2. The larynx moves +-2.0cm when swallowing, how are you going to provide an arytenoid sparing approach without introducing into the discussion techniques such as swallowing-gating? Or is there a clever way to fix the larynx? Certainly telling patients NOT to swallow only makes it happen more often!

Dr Andrew,
My primary intention form the query was to learn. After all dosimetric studies do exist about carotid sparing but I was not aware of anyone doing it clinically. When Indranil told their center does I was immediately interested to learn about the how and why for this specific subsite. My queries stemmed from the fact the articles dealing with IMRT mainly focus on these issues.
Now I am not aware of much morbidity with conventional RT in early glottic carcinomas in our institution. So while I will not be using this technique myself it will be interesting to know the rationale of treatment in those who do use it and how they go about doing it in real practice.
Concerning the question about carotid sparing some data does exist that RT increases the risk CVA[1] as compared to non-irradiated controls, but till date in my institution I have seen patients dying from cancer mostly and rarely from CVA. Of course fact remains that our follow-up is not that good. T1 glottic cancer patients however do come for follow-up and have excellent control and QOL overall.
After reading this thread however I came across this recent paper by Dr Rosenthal in IJROBP[2] which deals with this issue. The authors have given a blanket statement in the discussion that competing causes of morbidity may be important after 5 years follow-up however no citations to support the statement.
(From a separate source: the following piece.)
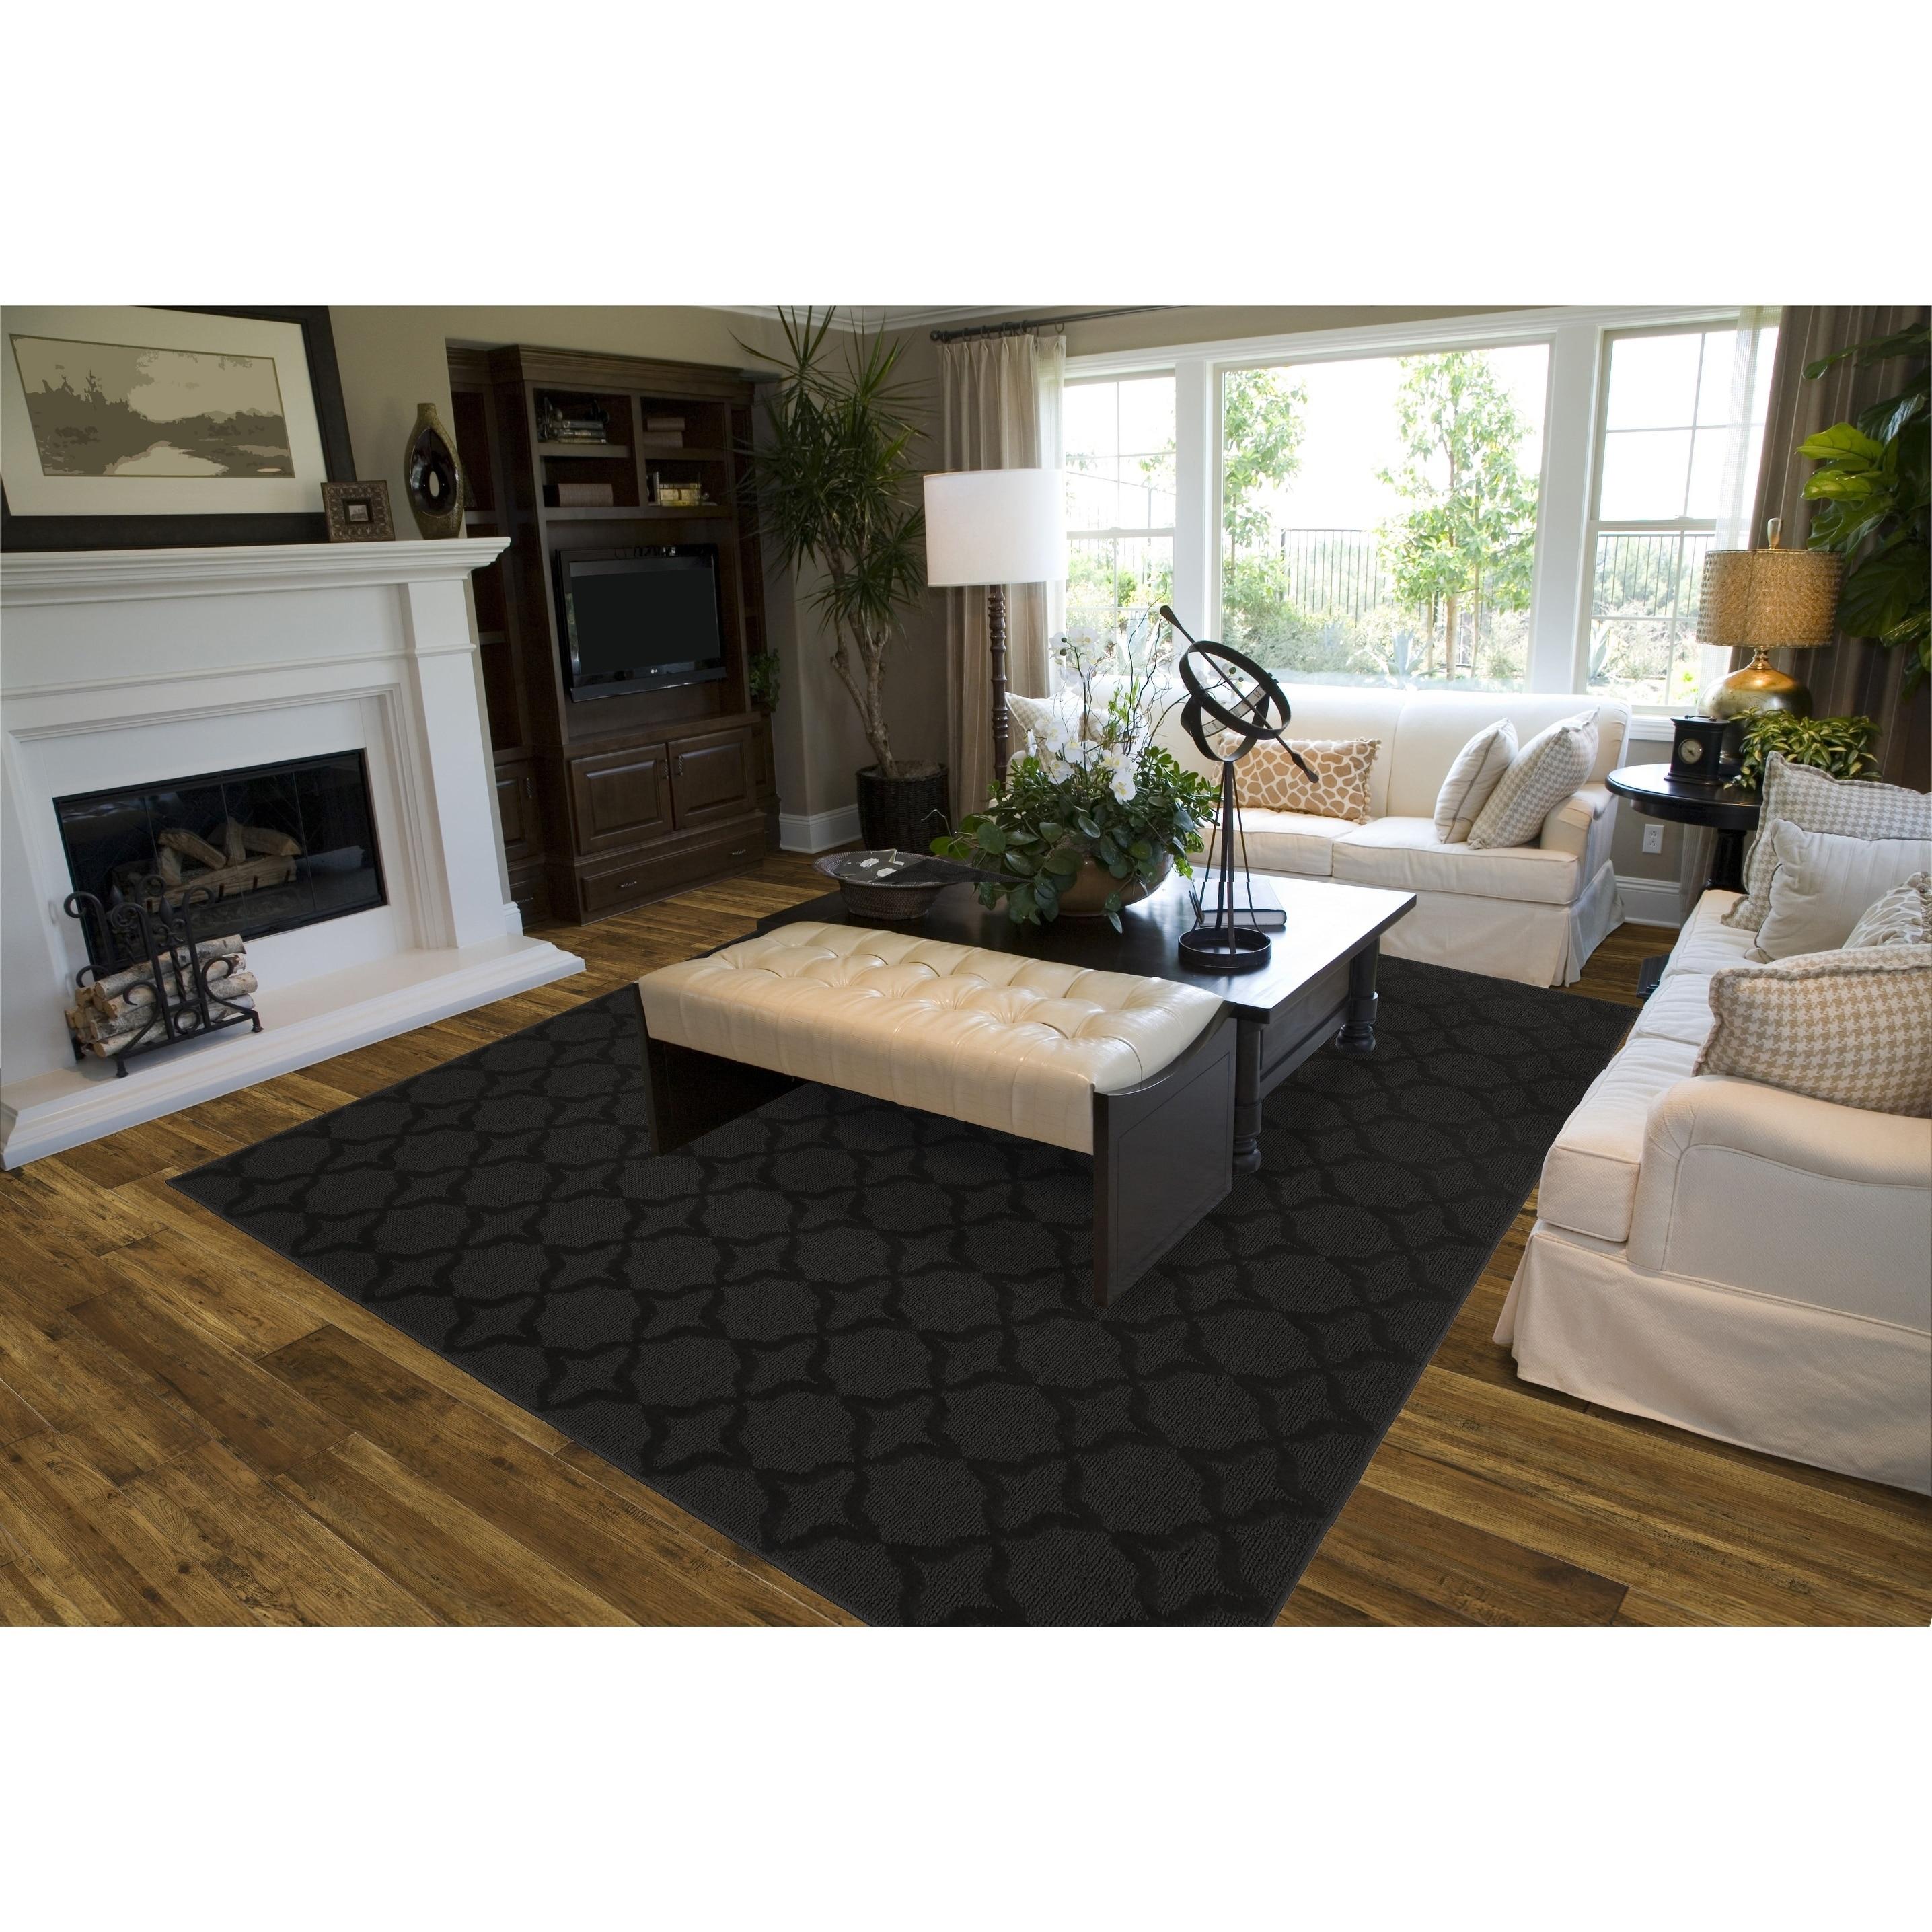 Excellent Sparta Black Living Room Area Rug Download Free Architecture Designs Sospemadebymaigaardcom

Coming to "laryngeal gating" I am not sure if it even exists and if it does how it can be implemented
Indranil,
Dont worry I am not doing it or planning to do it. If practicing in India I will be having my handsful with complex head and neck to really waste time with IMRT in T1 glottic larynx something that can be reliably cured with a simple 2 field arrangement

Just to refresh this post. Altered fractionation (accelerated or pure hyperfractionation) has conclusively shown to improve the loco-regional control. This is evident from various trials. But one big question. Why doesn't this improved loco-regional control translate into improved overall survival?
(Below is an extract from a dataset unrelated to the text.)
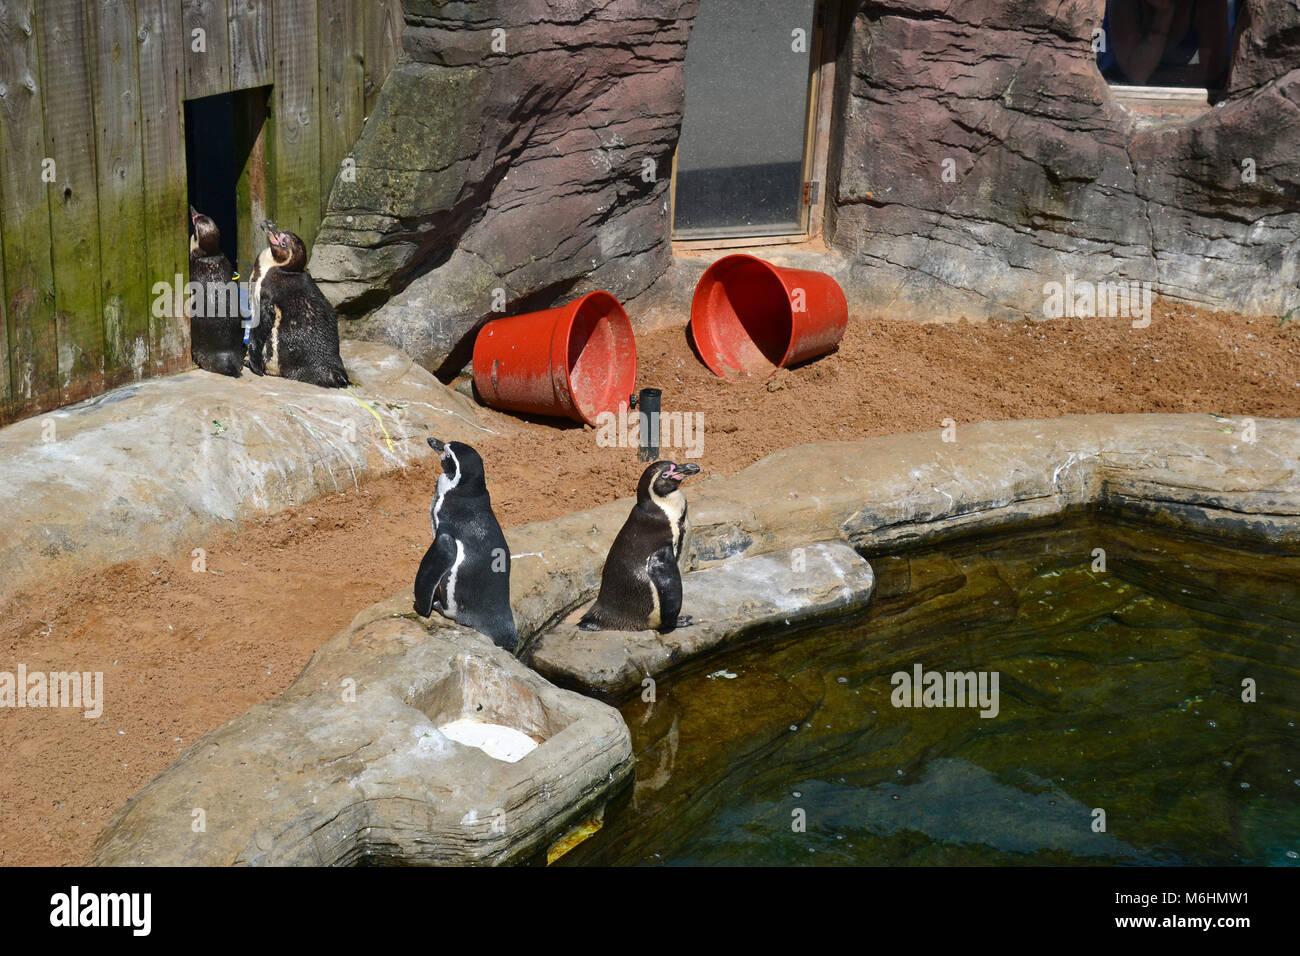 Humboldt Penguins at Gweek Seal Sanctuary Cornwall - Stock Image

With reference to T1 Ca glottis, we at RCC Tvm, have been using the old Manchester schedule… 52.5 Gy/15#/3wks. The local control rate is good with 5yr DFS of 94%. They do complain of hoarseness on excessive straining, otherwise they have good quality of voice. With image guidance, i guess we can bring down the irradiated volume a lot, and with arytenoid sparing in the chosen patients, the quality of voice can be preserved.
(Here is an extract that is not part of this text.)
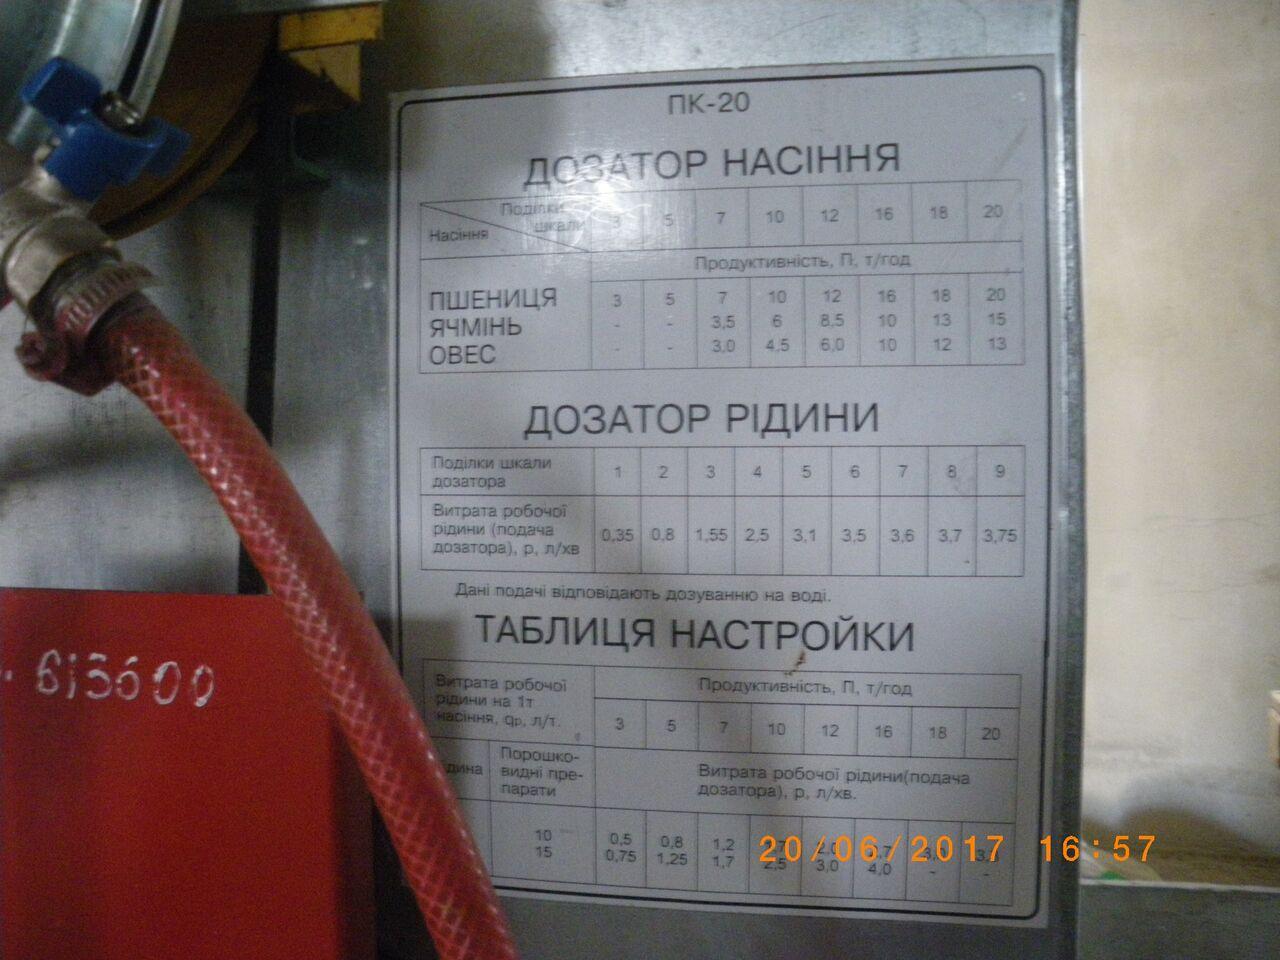 protravlyuvach_super_pk_20

According to the data I presented at ASTRO 2008, the locoregional control was better in patients who recieved hypofractionated RT (>2.5Gy/#). The data analysed three differenr fractionations- 55Gy/16#, 60Gy/24# and 60-66Gy/30-33#. the toxicity data was same in most aspects but the rate of persistent edema was higher in patients with hypofractionation. The persistent edema was defined as edema persisting for more than 12 weeks. Although I must admit there were limitations in documenting toxicity as in any other retrospective study (esepcially if u have to dig data more than 25 years old). the voice quality as expected was not analysed. So no comments can be made on that.
Perception may not be reality. The patients who have events like cardiac including CVA, will not come to you for follow up. It may not be totally unbelievable when somebody says that the carotid irradiation may increase CVA's. There is a name to this bias which I donot remember, which actually develops when the patients who come for follow-up without any symptoms reinforces a erroneous perception that the treatment actually was not toxic, whereas actually these patients donot represent the universal set of patients. These things can only be known from a well done retrospective study (without any lost to follow up) after a decade of treatment.
The disease specific survival in my study which included 1000 patients of early glottic cancer was 96%. The major causes of death among these patients were non malignant causes followed by second cancers, both of which were more than deaths related to glottic cancer.